- Education: Paris-Sorbonne University (B.S.) Paris-Saclay University (M.S.) Aix-Marseille University (Ph.D.)
- Awards: CNRS Silver Medal (2010); Fernand Holweck Medal and Prize (2019); Hannes Alfvén Prize (2022);
- Scientific career
- Fields: Plasma physics
- Institutions: CEA Nanyang Technological University
- Thesis: Turbulence et transport anormal dans les plasmas de Tokamak (1988)
- Website: dr.ntu.edu.sg/cris/rp/rp02080

= Xavier Garbet =

Xavier Garbet (b. 1961) is a theoretical plasma physicist and a professor at Nanyang Technological University (NTU). He is currently appointed as the Temasek Chair in Clean Energy, as his professorship was established by a $6 million endowment from Singapore's state investment firm, Temasek Holdings. This appointment aims to support a magnetic confinement fusion research and manpower training program at NTU for clean energy development in Singapore.

== Early life and career ==
In 1982, Garbet received a Bachelor's degree in Physics from Paris-Sorbonne University. He then earned a Master's degree in plasma physics from Paris-Saclay University.
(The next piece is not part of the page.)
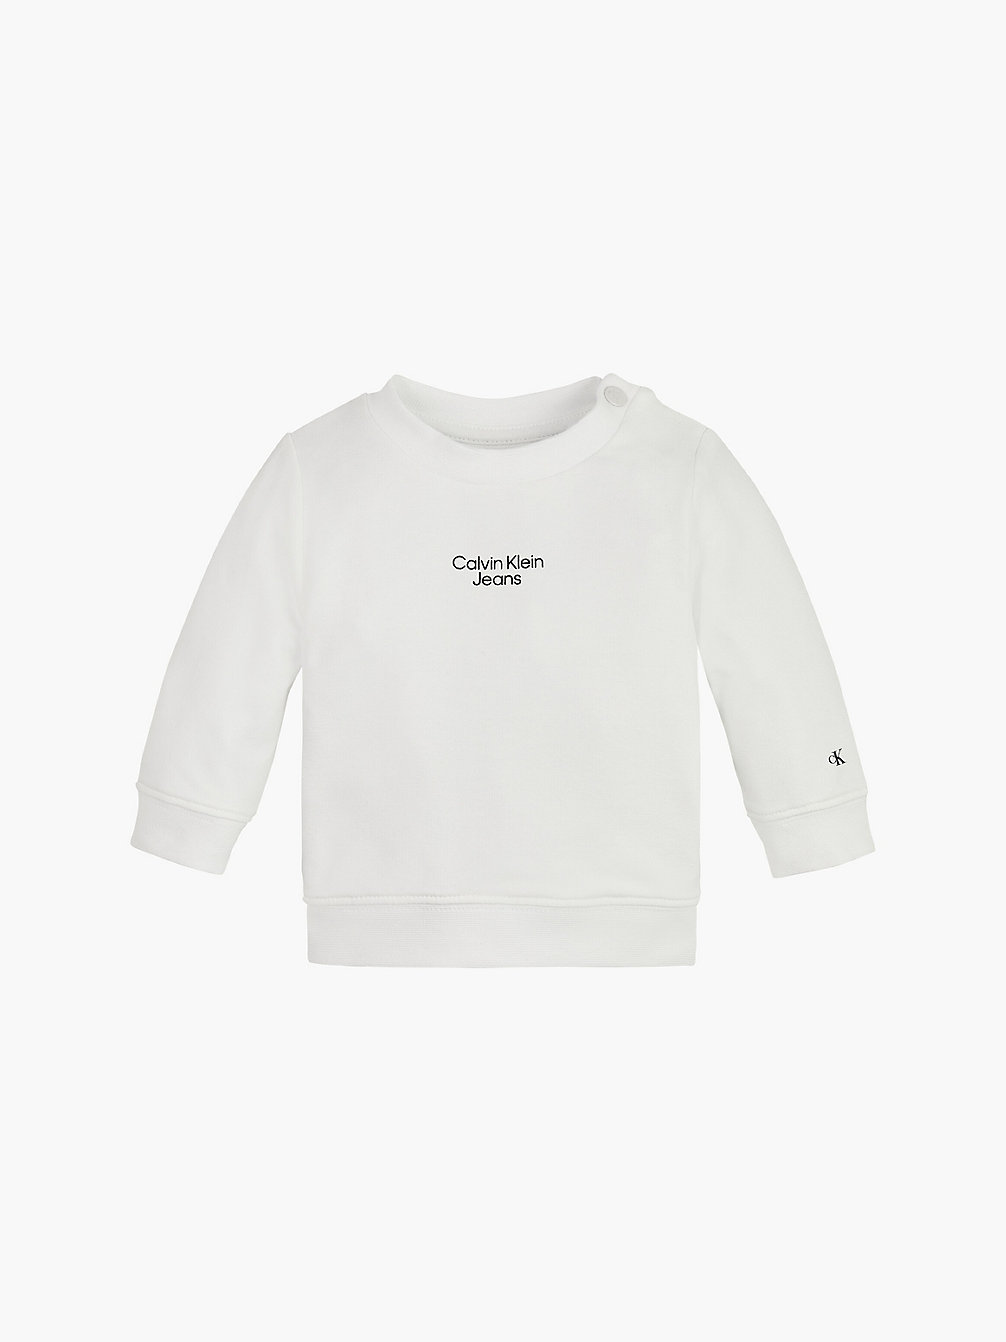 BRIGHT WHITE > Newborn-Sweatshirt Van Biologisch Katoen > undefined newborn - Calvin Klein

Subsequently, he earned a PhD degree in theoretical and high-energy physics in 1988 and a Habilitation à diriger des recherches (French habilitation) in 2001 from Aix-Marseille University.

Garbet was hired by the French Alternative Energies and Atomic Energy Commission (CEA) in 1988. He was a visiting scientist at General Atomics from 1994 to 1995 and led a plasma transport modelling task force at the Joint European Torus from 2001 to 2004. In 2008, he became a research director at CEA. In 2022, he joined NTU as a professor of theoretical and computational plasma physics and was appointed as the Temasek Chair in Clean Energy.

== Honours and awards ==
Garbet was awarded the CNRS Silver Medal by the French National Centre for Scientific Research for his work on plasma confinement fusion in 2010.

In 2019, he was awarded the Fernand Holweck Medal and Prize by the Société Française de Physique.

In 2022, Garbet was awarded the Hannes Alfvén Prize for his theoretical contributions to the dynamics of magnetically confined fusion plasmas.